I love the concept, and it could make for a funny story. At this point, it's hard to see what direction the writer wants to take. There is no comedy or action so far. There is some drama. Other violent events were mentioned, they are completely off-screen, so no one should have a problem with them. If you are the faint of heart, don't worry--there's nothing graphic so far. It looks like it's going into magic and cultivation, but very little of either thing has been mentioned. It looks like it's supposed to give a dark feeling, but it doesn't do that or make me want to cheer for the protagonist at all. The traumatic events are brushed over pretty quickly.
Background information? What's that? A little information has been revealed about the MC's parents, but it's provided in a manner of telling rather than showing. The details of past events are very vague, making them difficult to picture.
World background? Not revealed yet.
There is no character depth at all so far. The character details are essentially limited to male, female, mother, father, and mean person.
I don't think there's been any imagery at all thus far except for describing the MC's appearance. A greater use of imagery could evoke a more emotional response in readers. Although the MC is an eight-year-old who is 4'11," the height of a small *****, no explanation is given for this.
Although there are only six chapters so far, there are logical inconsistencies present already, especially in regards to character actions and the absent world setting.

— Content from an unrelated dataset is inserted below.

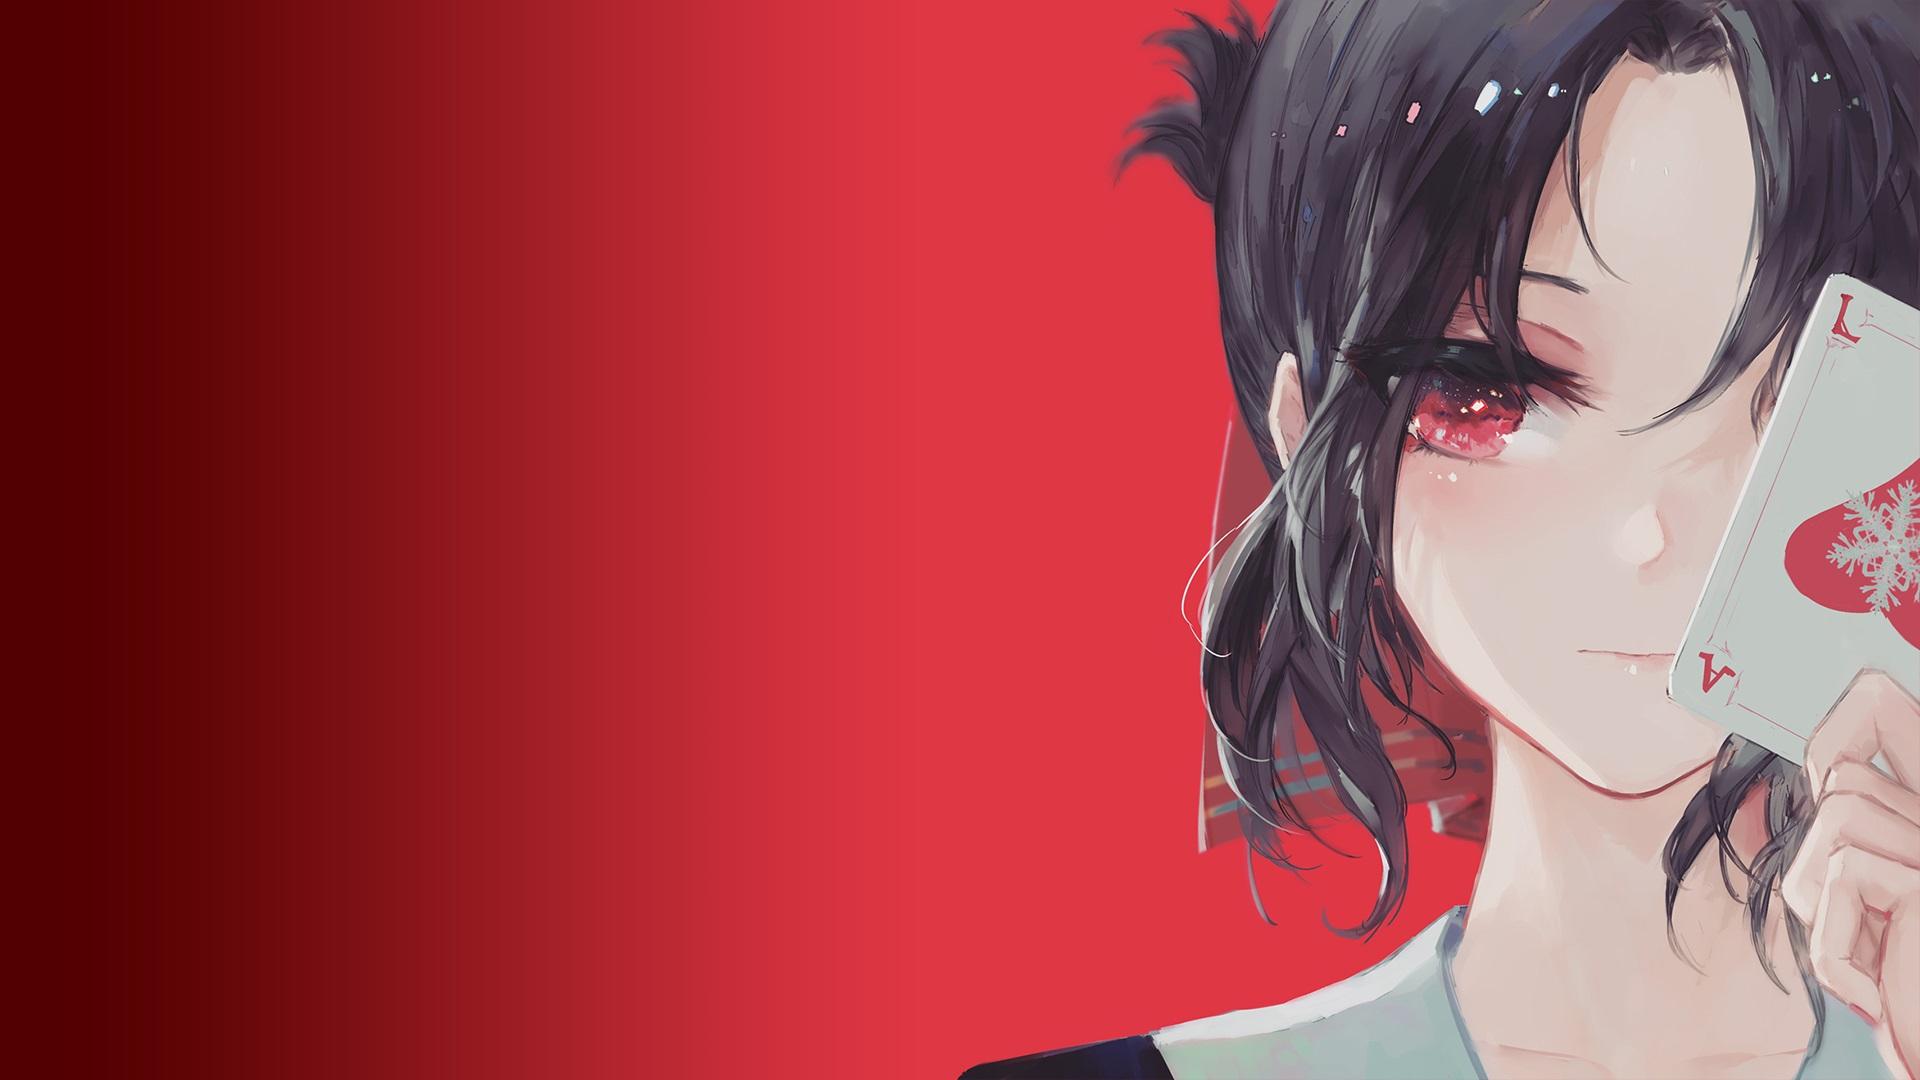 Anime 1920x1080 Kaguya-Sama: Love is War Kaguya Shinomiya anime anime girls red background card red eyes black hair KiSei2

The writer uses "sh!t" a lot as a substitution for other words, making it feel very overused. I'm not sure if there's been a chapter thus far without this curse word. The writing quality could use some review. The events in the story could be expanded upon with more detail and elaboration to pull readers into the story. Everything happens so fast, it leaves me wondering what the point of anything was.
Nearly every sentence has at least one obvious grammatical error or typo. Tenses flicker between past and present tense. There are also examples of passive tense, even in sentences important to the plot line. These types of errors are common to new writers. That said, the story is readable.
Overall, I'd say the concept is interesting, but the follow-through needs some work.